Directions ::
Pictures are to be left out. Return exactly the lines below from the one with "Planos de viviendas" up to and including the one with "XS-LED Wandleuchte Ono, Schwarz, 9 x 8 cm".

Provided records ::
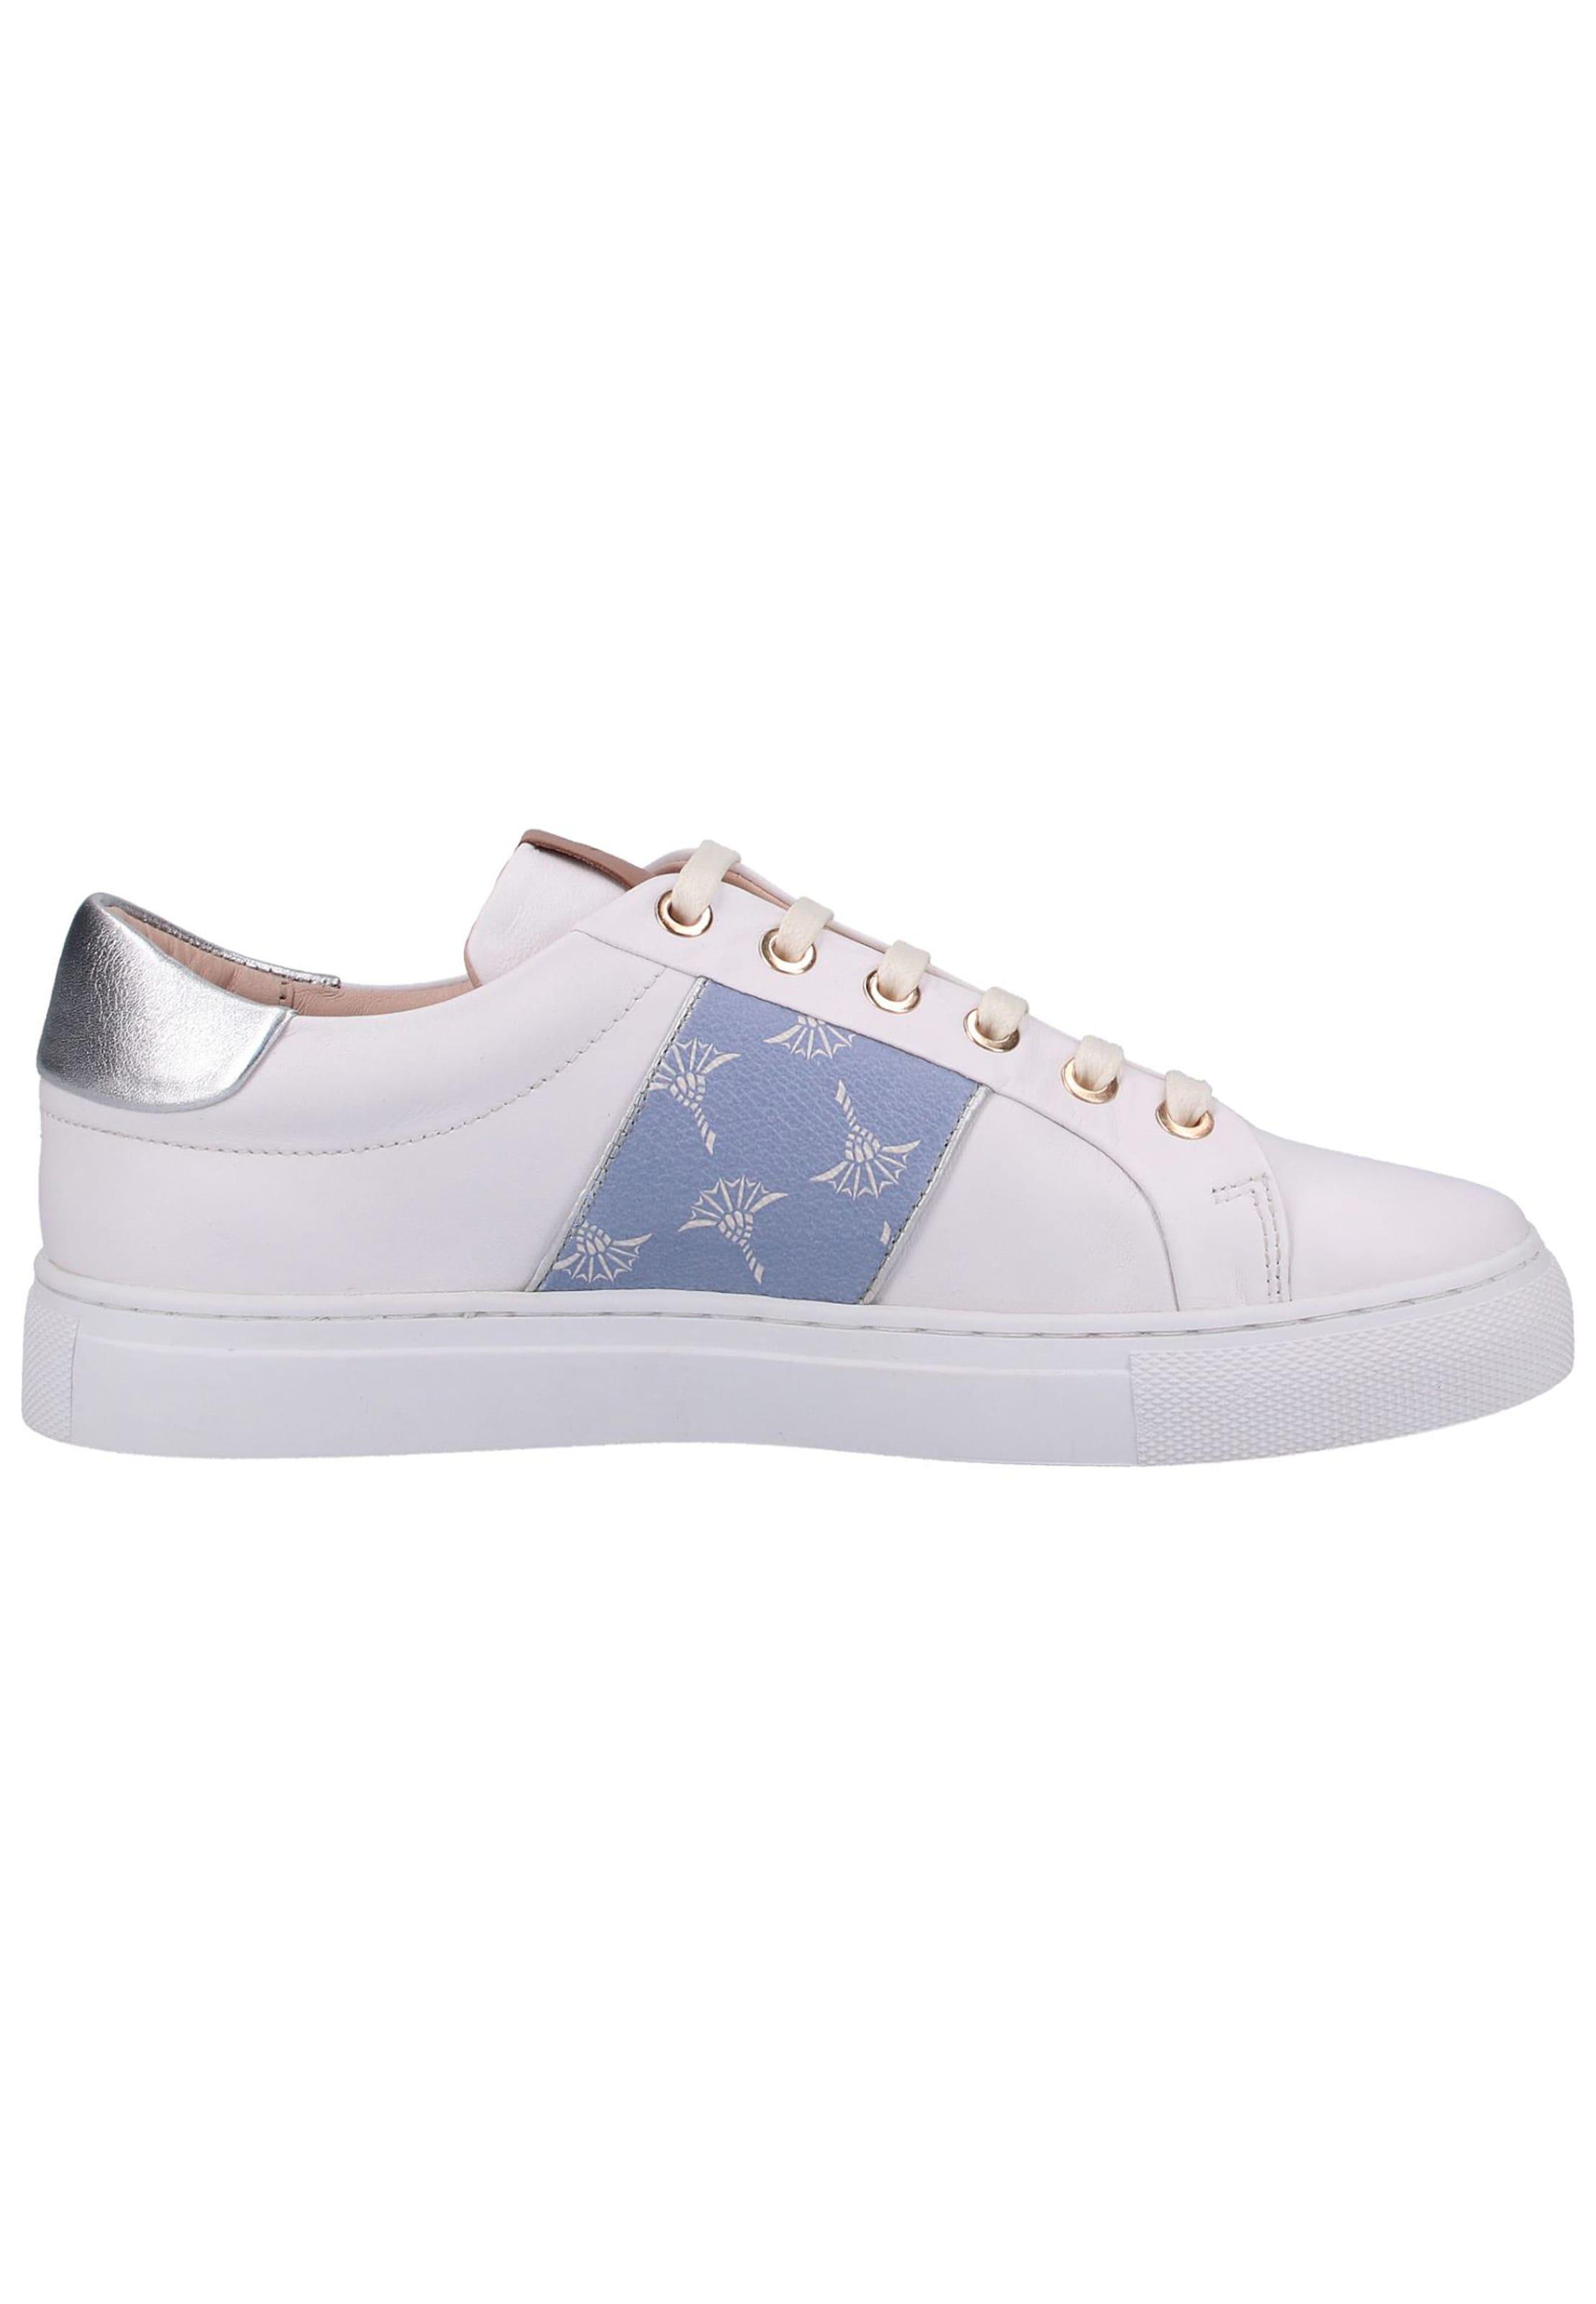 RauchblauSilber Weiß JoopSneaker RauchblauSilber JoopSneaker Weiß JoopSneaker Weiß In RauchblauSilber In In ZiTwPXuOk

...

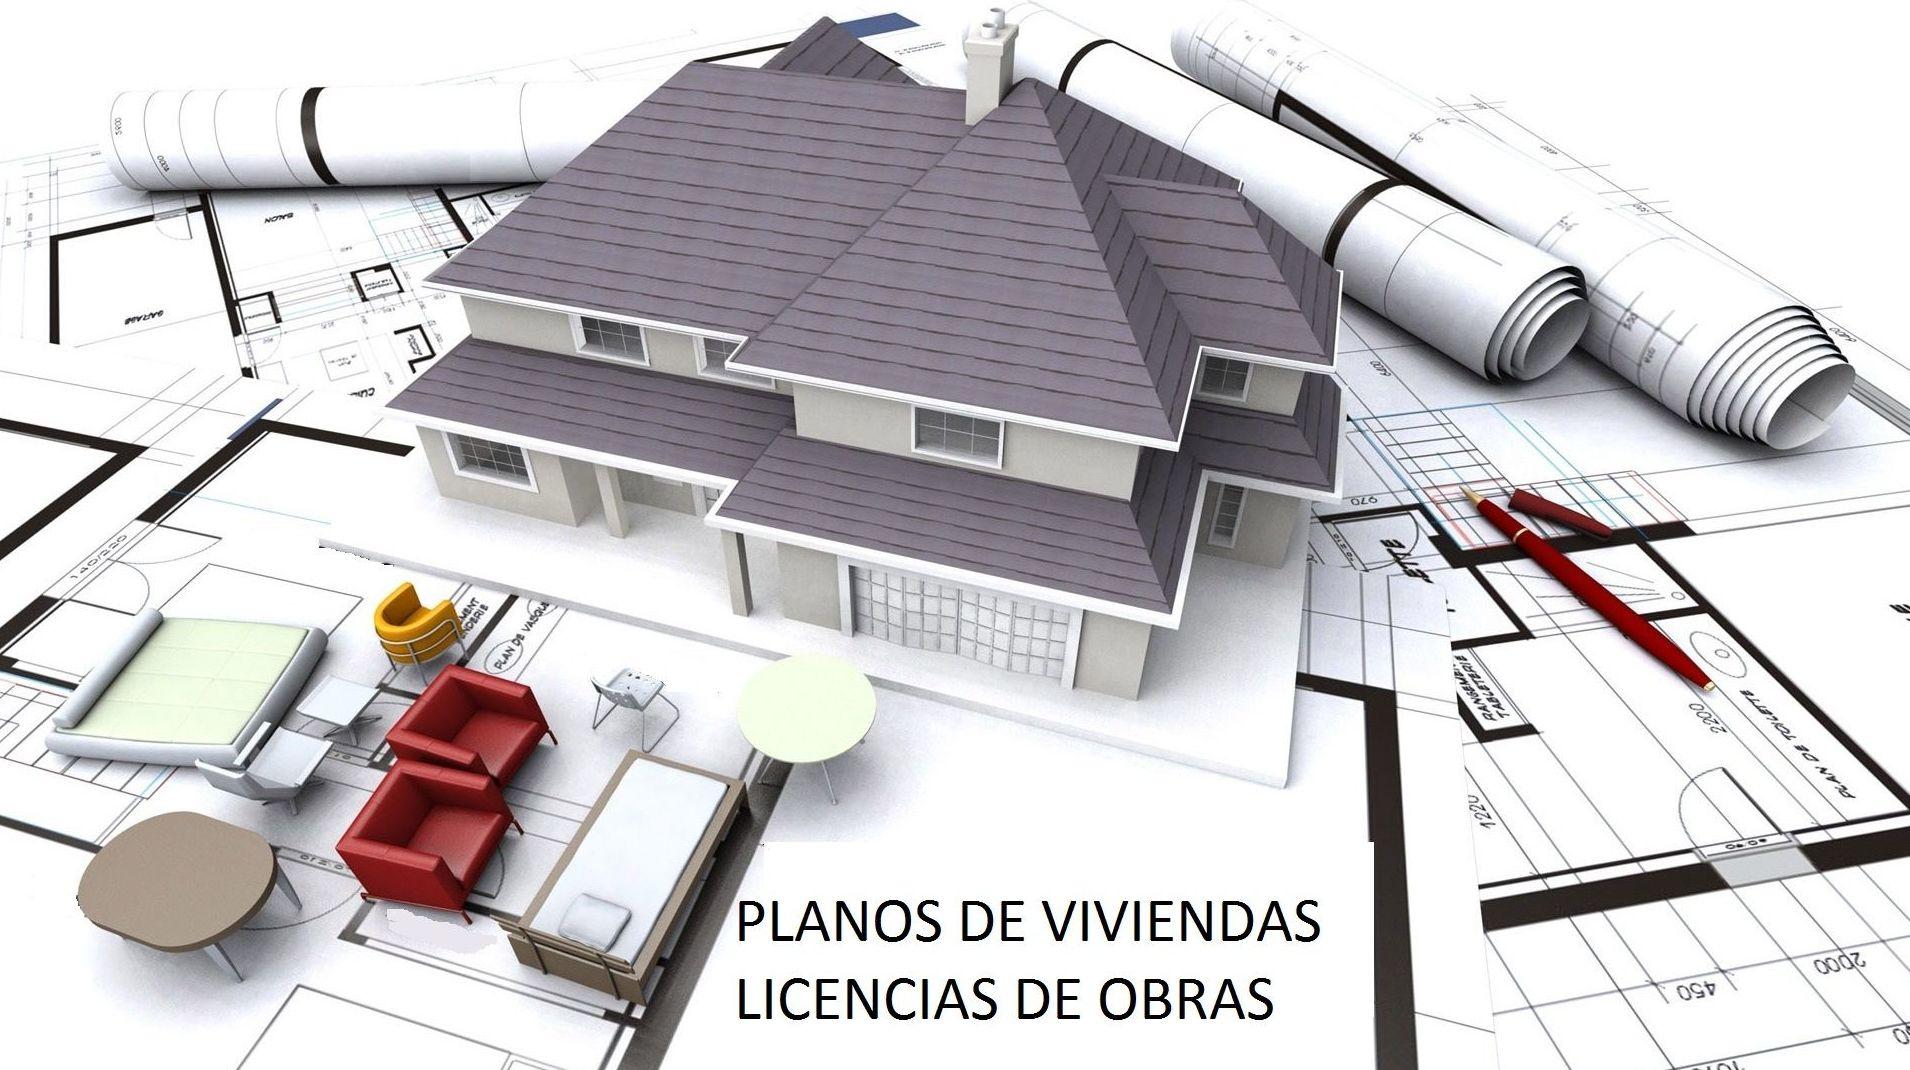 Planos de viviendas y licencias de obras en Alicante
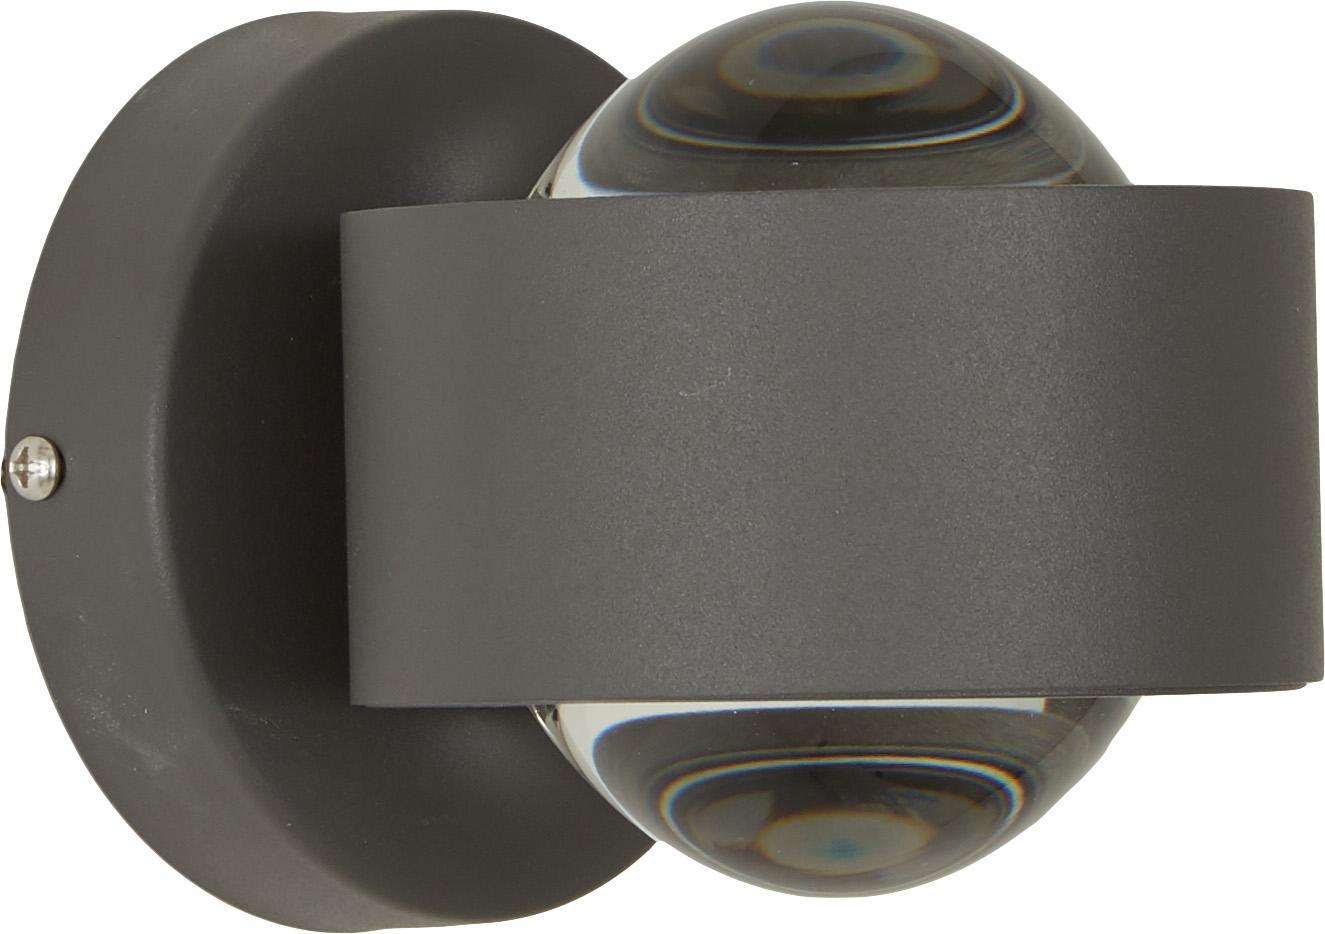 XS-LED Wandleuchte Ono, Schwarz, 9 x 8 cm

---

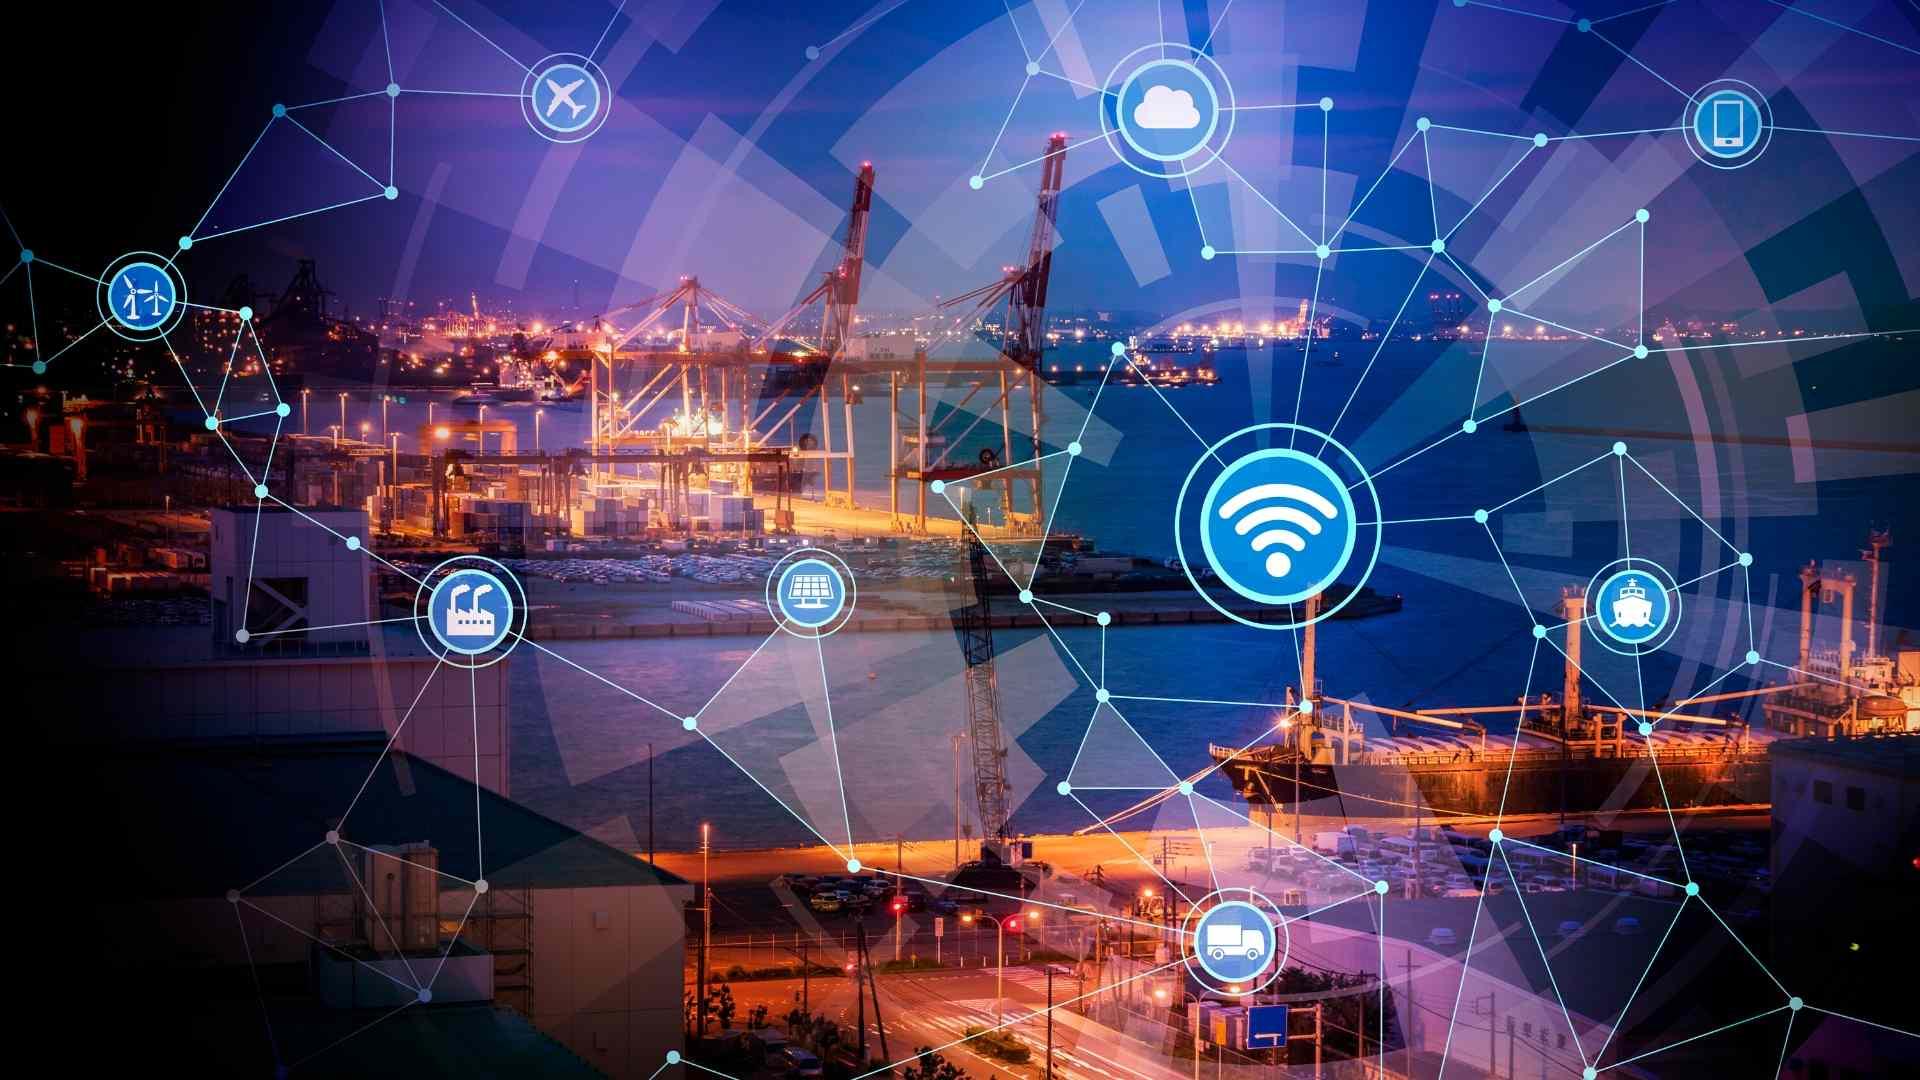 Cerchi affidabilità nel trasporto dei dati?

Written solution ::
 Planos de viviendas y licencias de obras en Alicante
 XS-LED Wandleuchte Ono, Schwarz, 9 x 8 cm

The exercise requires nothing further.